Raúl del Pozo. Es lo mucho y bueno que queda en Madrid del diario Pueblo, ese diario del que Reverte dijo que se daba “la mayor concentración imaginable de golfos, burlangas, caimanes y buscavidas por metro cuadrado”. Entre ellas había un tipo afilado y hambriento que llegó de provincia y que es a donde se mira ahora para saber por dónde va el viento. Conserva melena en la vejez, como Mick Jagger. “He visto en todos los ojos y ahora en la vejez me doy cuenta de que sólo encuentro paz en la mirada de un perro”, dijo.
Gay Talese. Hacía reportajes que le llevaban unos años y que luego publicaba en medio de un estrépito sordo canonizando la profesión, macerándola de tal manera que en trabajos como Honrarás a tu padre lo único que sorprende es que Talese no haya acabado de Don.

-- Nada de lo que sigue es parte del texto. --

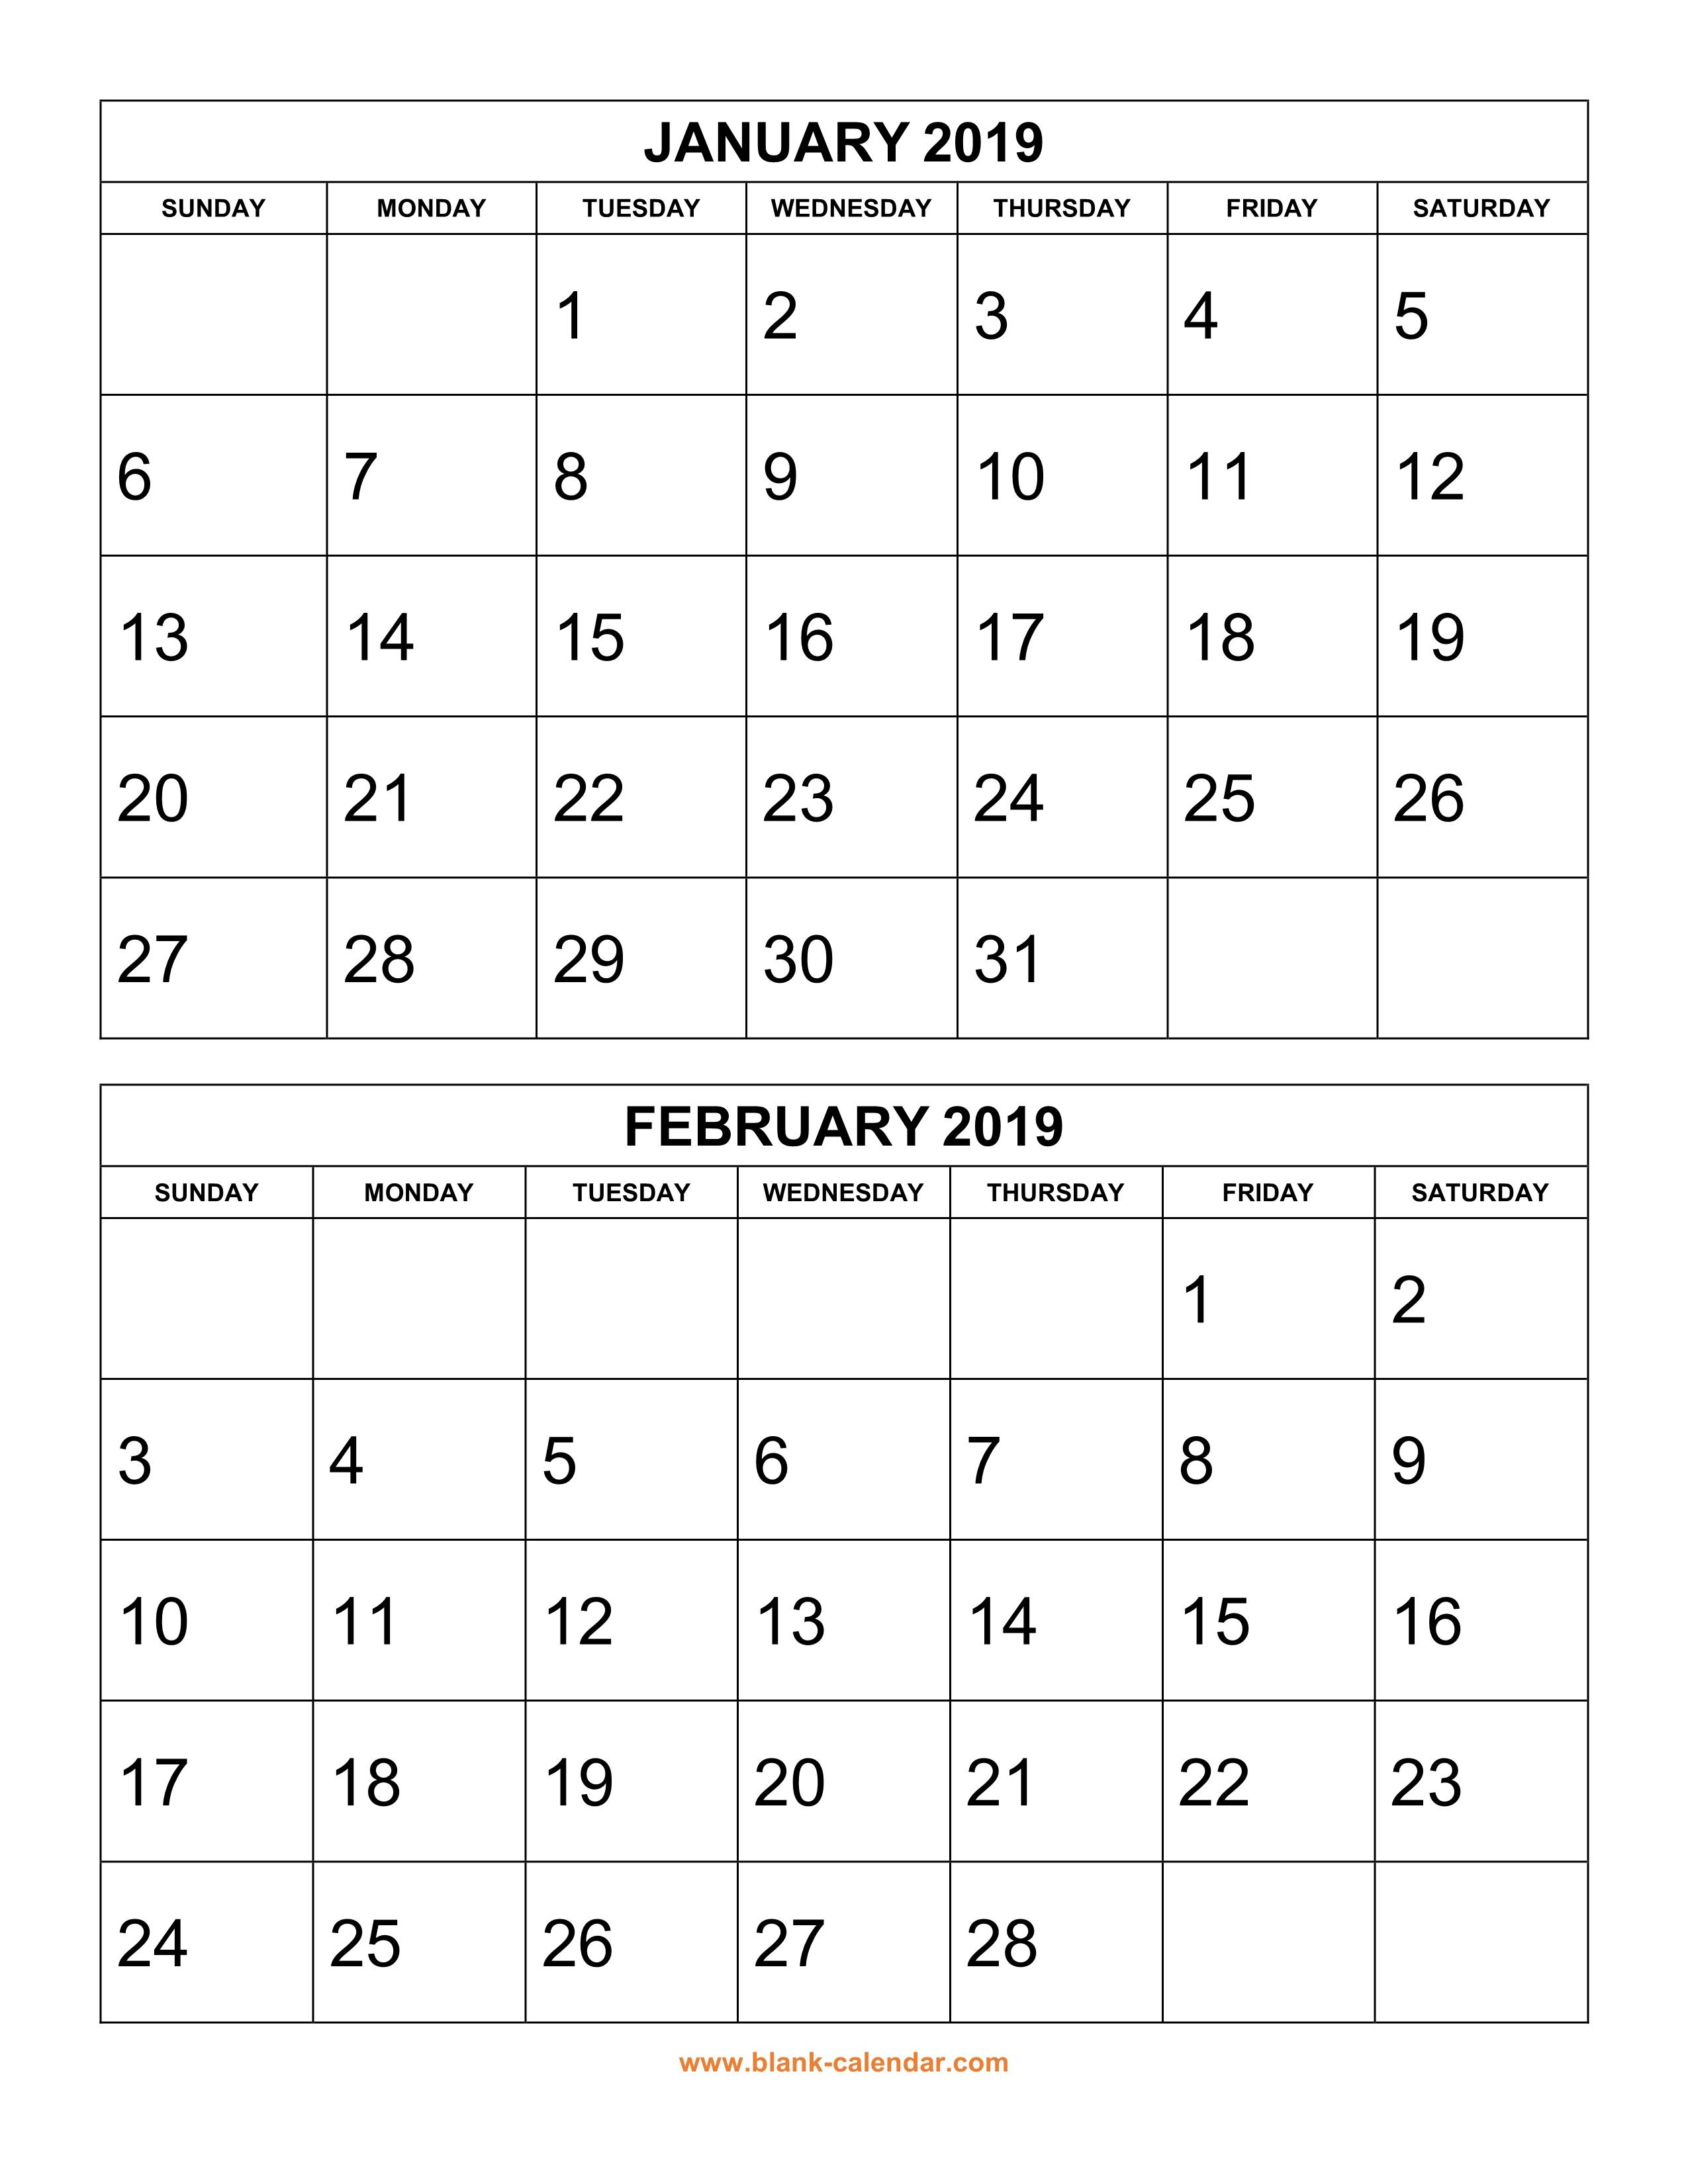 Free Download Printable Calendar 2019, 2 Months Per Page, 6 regarding Printable Calendar 3 Months Per Page

Fernández Flórez. Era tan desconsideradamente gallego que escribió un bosque animado, quién sabe si impulsado por sus años haciendo crónica en el Congreso de los Diputados. Era antitaurino, una excentricidad en escritores y articulistas de la época.
Margarita Nelken. Empezó a los 15 años escribiendo un artículo sobre Goya y la Historia de España casi la deja dentro de un cuadro de él. Rechazó el voto femenino porque no veía a la mujer madura para tales menesteres. Cuando ellas pudieron votar, la socialista Nelken contempló absorta cómo en España ganaba la derecha.
Ruano. Tenía un talento tan descarado y desacomplejado que escribía a todas horas y en Madrid aún se están publicando ahora sus artículos.